This particular story happened to me back in the 'Guff when I was a rookie pilot. I was doing 14 & 7s (fourteen days on, seven days off, an awful schedule unless the money is good) and living offshore working for a guy who was a silent partner for a few Enron platforms. Because of the lengthy time offshore I got to be good friends with some of the rig apes, one of whom had a grandmother who passed away during my hitch. He called me and asked if I could do him a favor and grant his grandmother's last wish to be buried at sea. I said, sure, no problem, it'd be my pleasure to help.

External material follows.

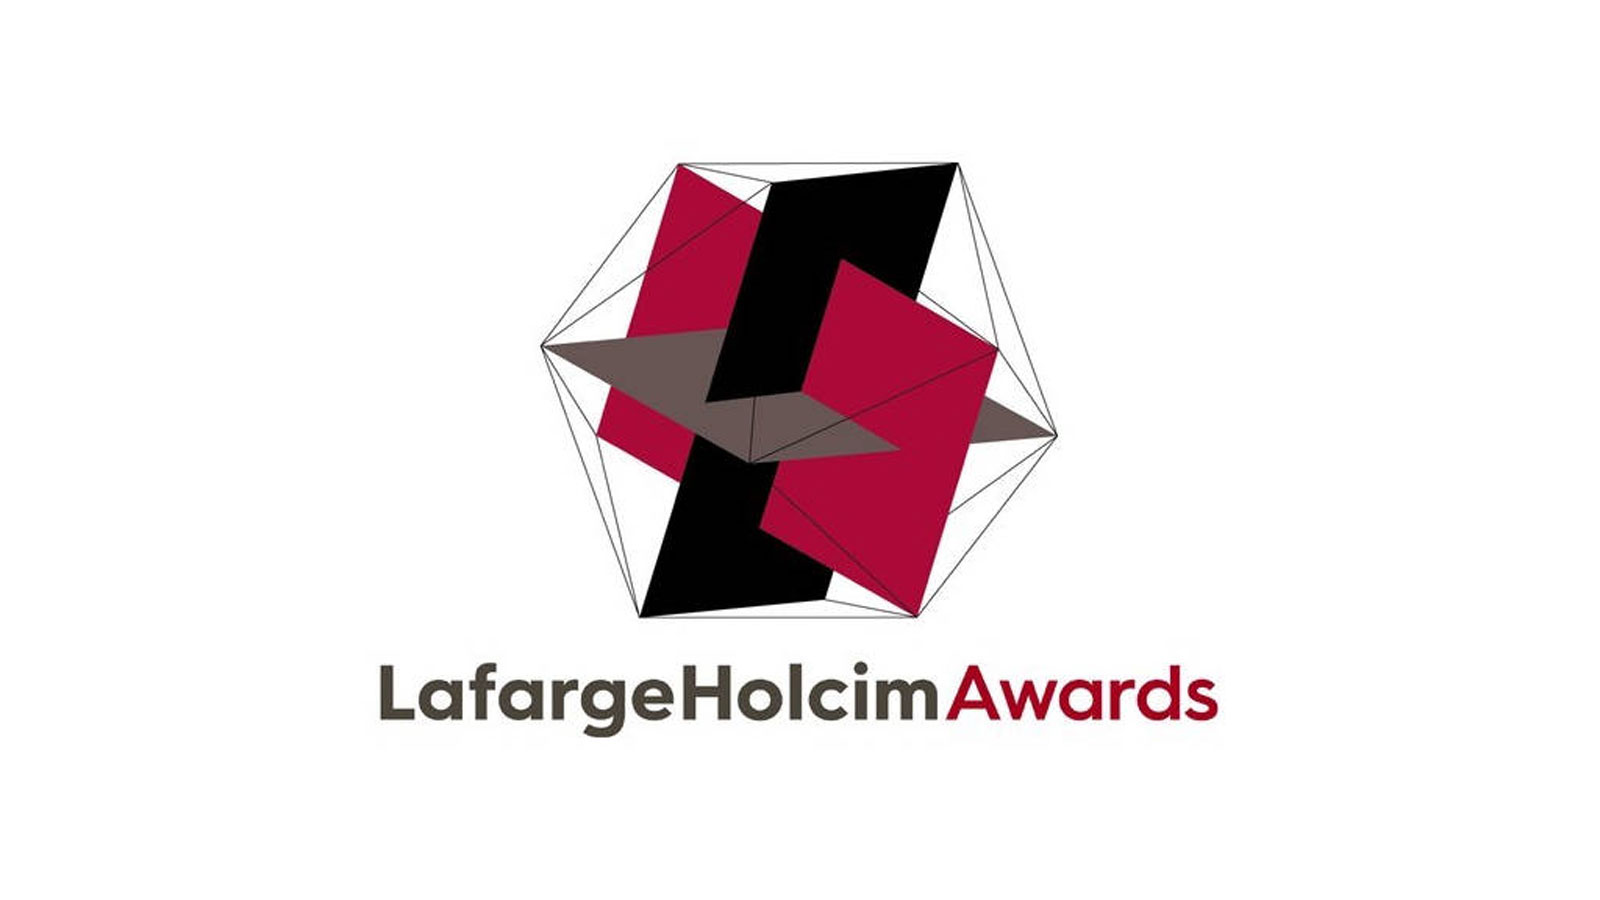 Lancement des LafargeHolcim Awards  Objectif : récompenser des projets de construction durable

Now because of the way that flight time was calculated we ended up with a considerable amount of time which didn't reflect what was on the Hobbes meter, something that allowed us to fly a bit at the end of the day if our families came out to see us or in this case, with this guy's family who wanted to spread Grandma's ashes at sea. I flew a Bell Long Ranger which could carry seven passengers in addition to me. I briefed the family, which incidentally consisted of a bunch of weight lifters, let them know how we were going to proceed, and then strapped them in for a flight that would last about 25 minutes.

So I explained to them that they needed to wait until I told them it was ok to open the window and carefully take the bag with Granny in it and hold it outside the aircraft while I slowly hovered forward. It was imperative that they do just as I asked because of the possibility of the bag getting caught in the tail rotor. They all nodded their heads that they understood and away we went.

We got about ten miles offshore and I began to power back, so I was about to tell everyone that it'd be a couple more minutes before we could do the ceremony when all of a sudden I hear and feel a window open in the back. Next thing I know the entire aircraft is engulfed in a gray fog of burnt Grandma, we're breathing her in, eating her, tasting her. I can't hardly see because the ashes are so thick in the air and if I open my eyes too wide they get them and make me tear up to the point that I can't see. So I'm squinting and kick the bird out of trim to get fresh air flow in through my wing window. The women are screaming, the men are shouting, everyone is coughing and laughing at the same time. Apparently, someone holding the urn opened it, pulled out the bag with the ashes in it, opened the window while we were still going around 60 knots, and tried to pour out her ashes through the window. With the way the airflow moves in a Bell 206, the wind comes into the cabin unless my window up from is open first. Ugh.

We eventually got turned around and headed back to the beach. For years afterward I'd get a card in the mail from the family on the anniversary of that flight.

Good times.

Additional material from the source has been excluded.